§ Problem to solve
Leave the pictures aside and copy all the data exactly.

§ Data extract

⁂

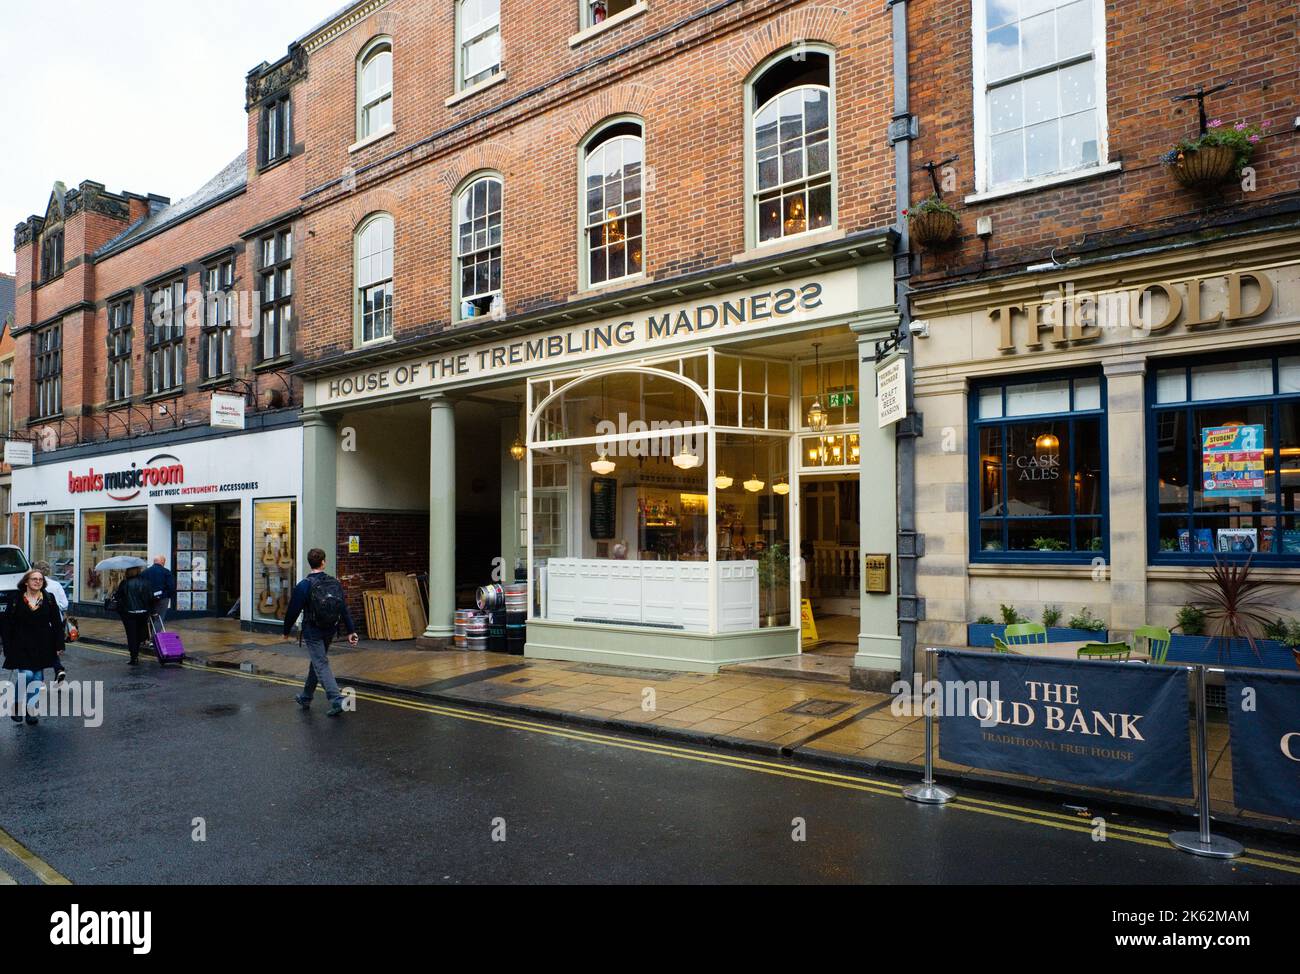 House of the trembling madness bar and restaurant in Stonegate, York Stock Photo
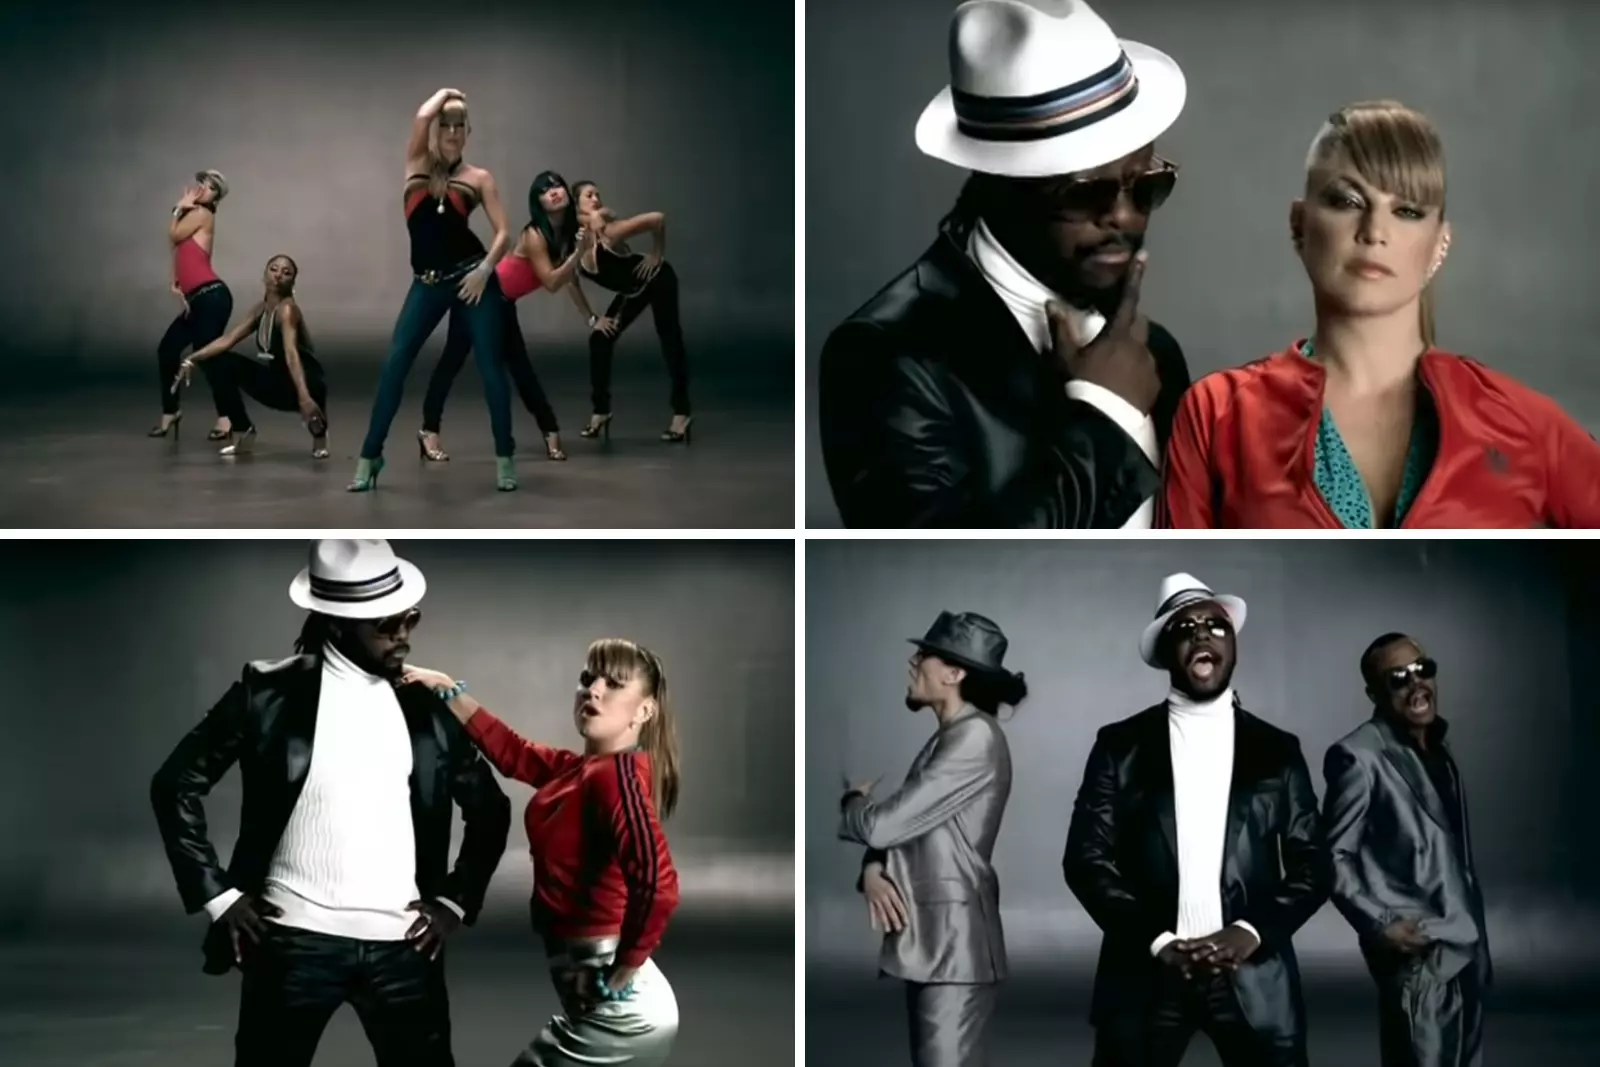 Throwback Thursday 'My Humps' by The Black Eyed Peas (2005)
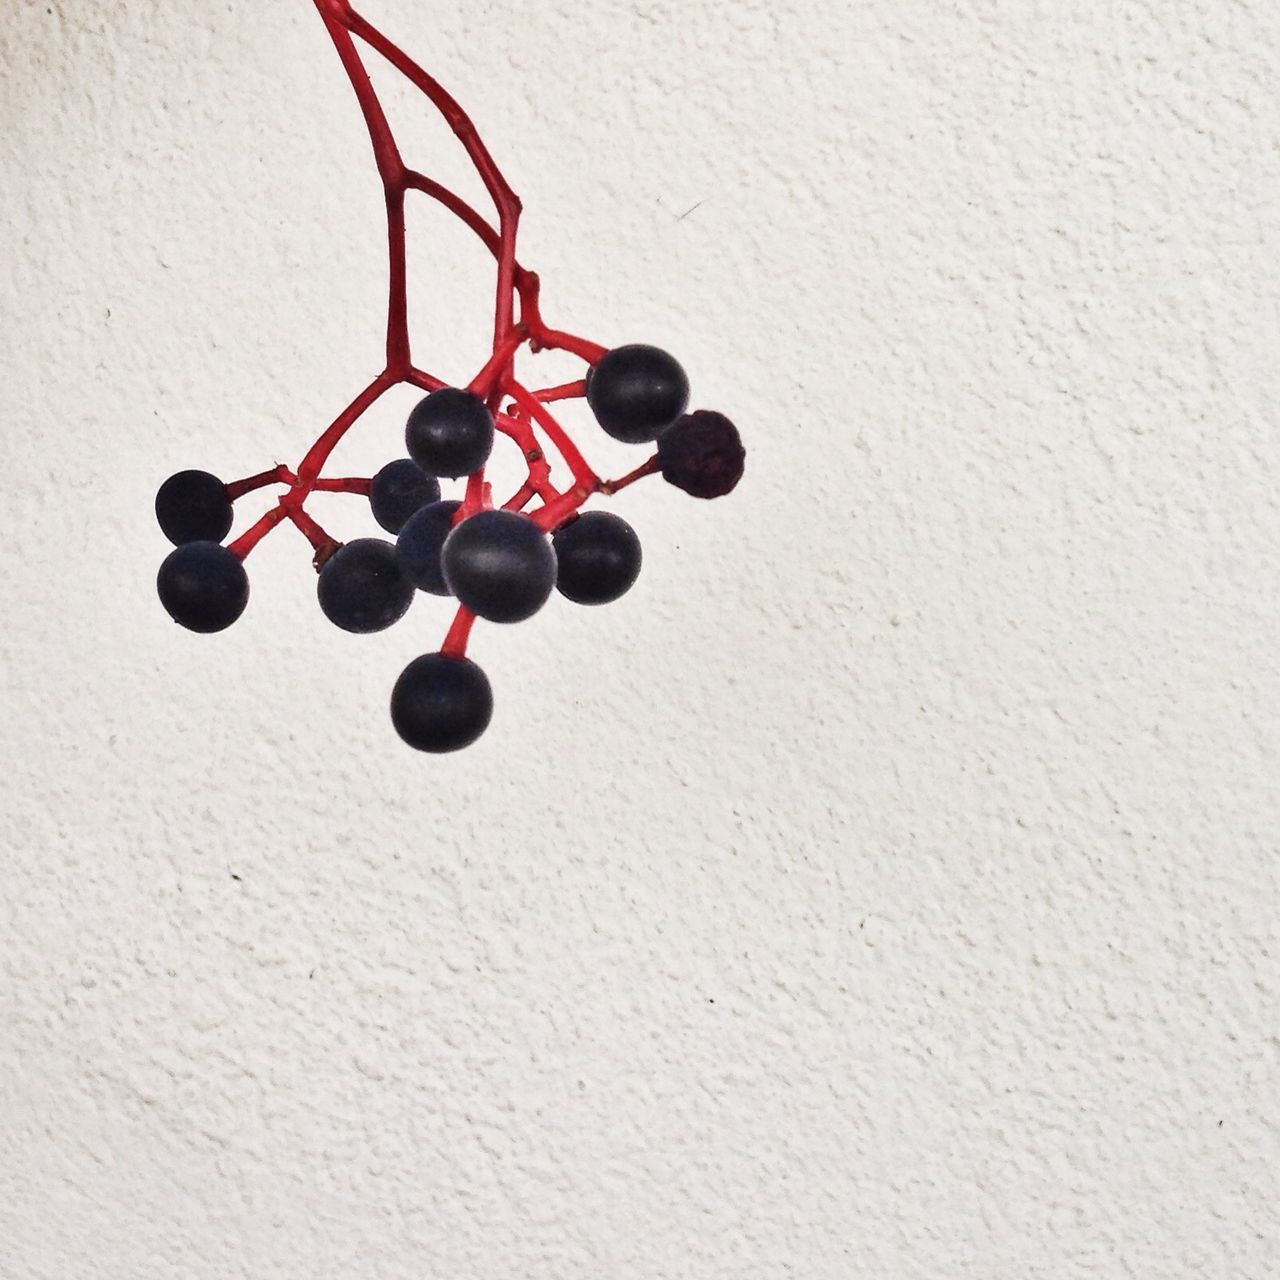 fruit, hanging, indoors, low angle view, decoration, still life, wall - building feature, close-up, no people, food and drink, freshness, healthy eating, food, balloon, bunch, day, cherry, copy space, red, ripe
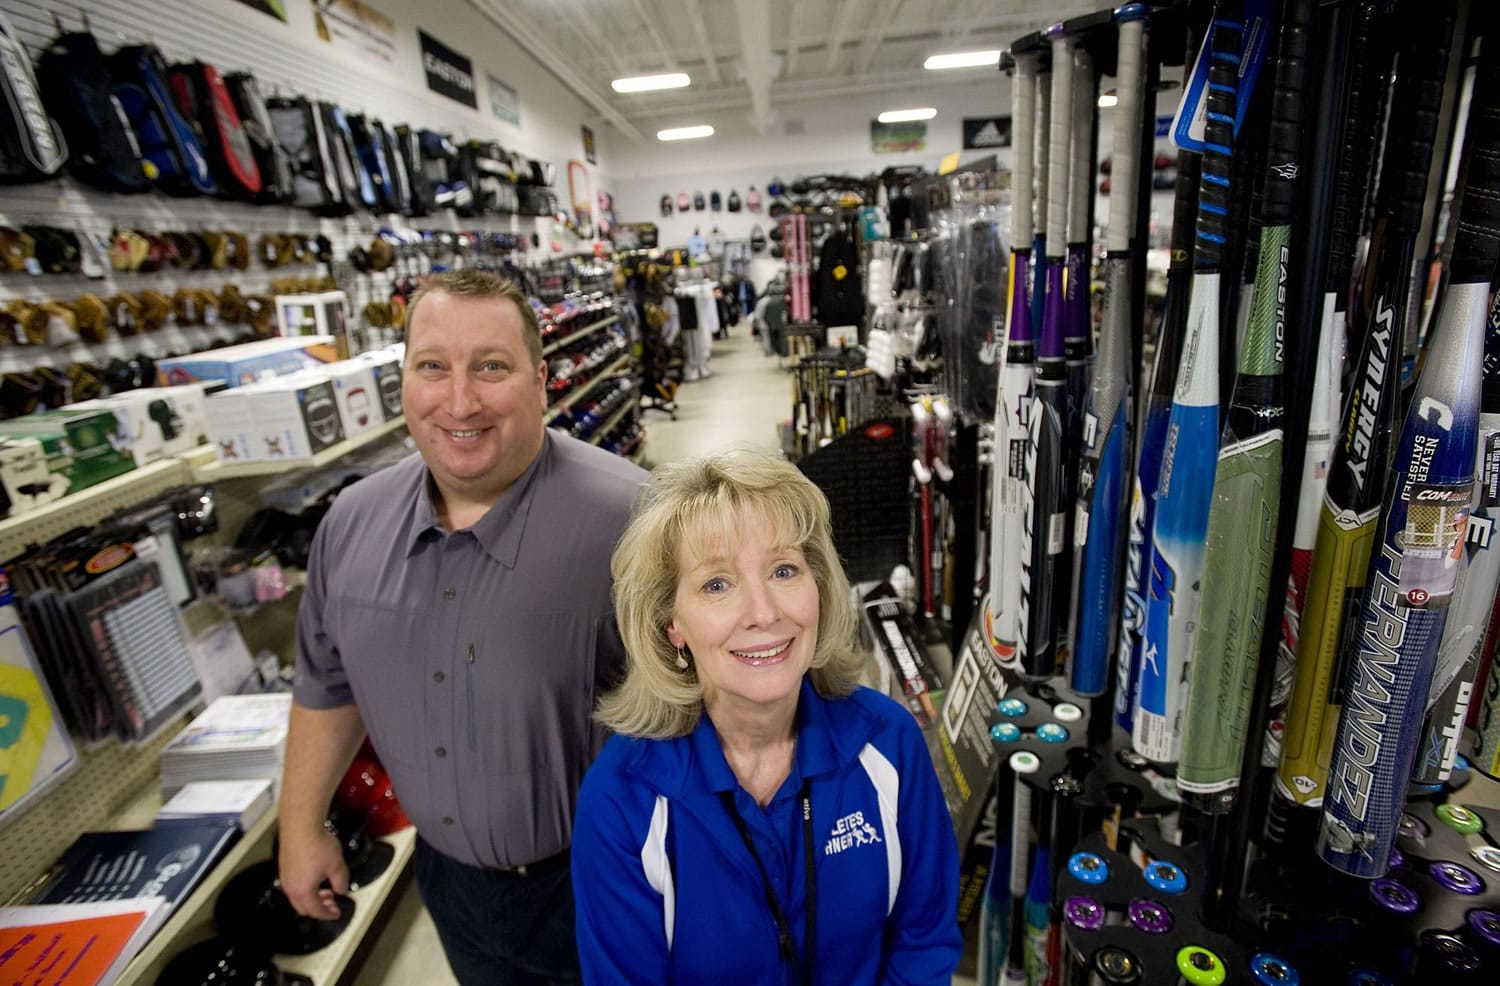 Margaret Jabusch and her son Kirk Jabusch are the owners of Athletes Corner, which has four retail stores selling sporting equipment for young athletes and their parents.

⁂

§ Output below
 House of the trembling madness bar and restaurant in Stonegate, York Stock Photo
 Throwback Thursday 'My Humps' by The Black Eyed Peas (2005)
 fruit, hanging, indoors, low angle view, decoration, still life, wall - building feature, close-up, no people, food and drink, freshness, healthy eating, food, balloon, bunch, day, cherry, copy space, red, ripe
 Margaret Jabusch and her son Kirk Jabusch are the owners of Athletes Corner, which has four retail stores selling sporting equipment for young athletes and their parents.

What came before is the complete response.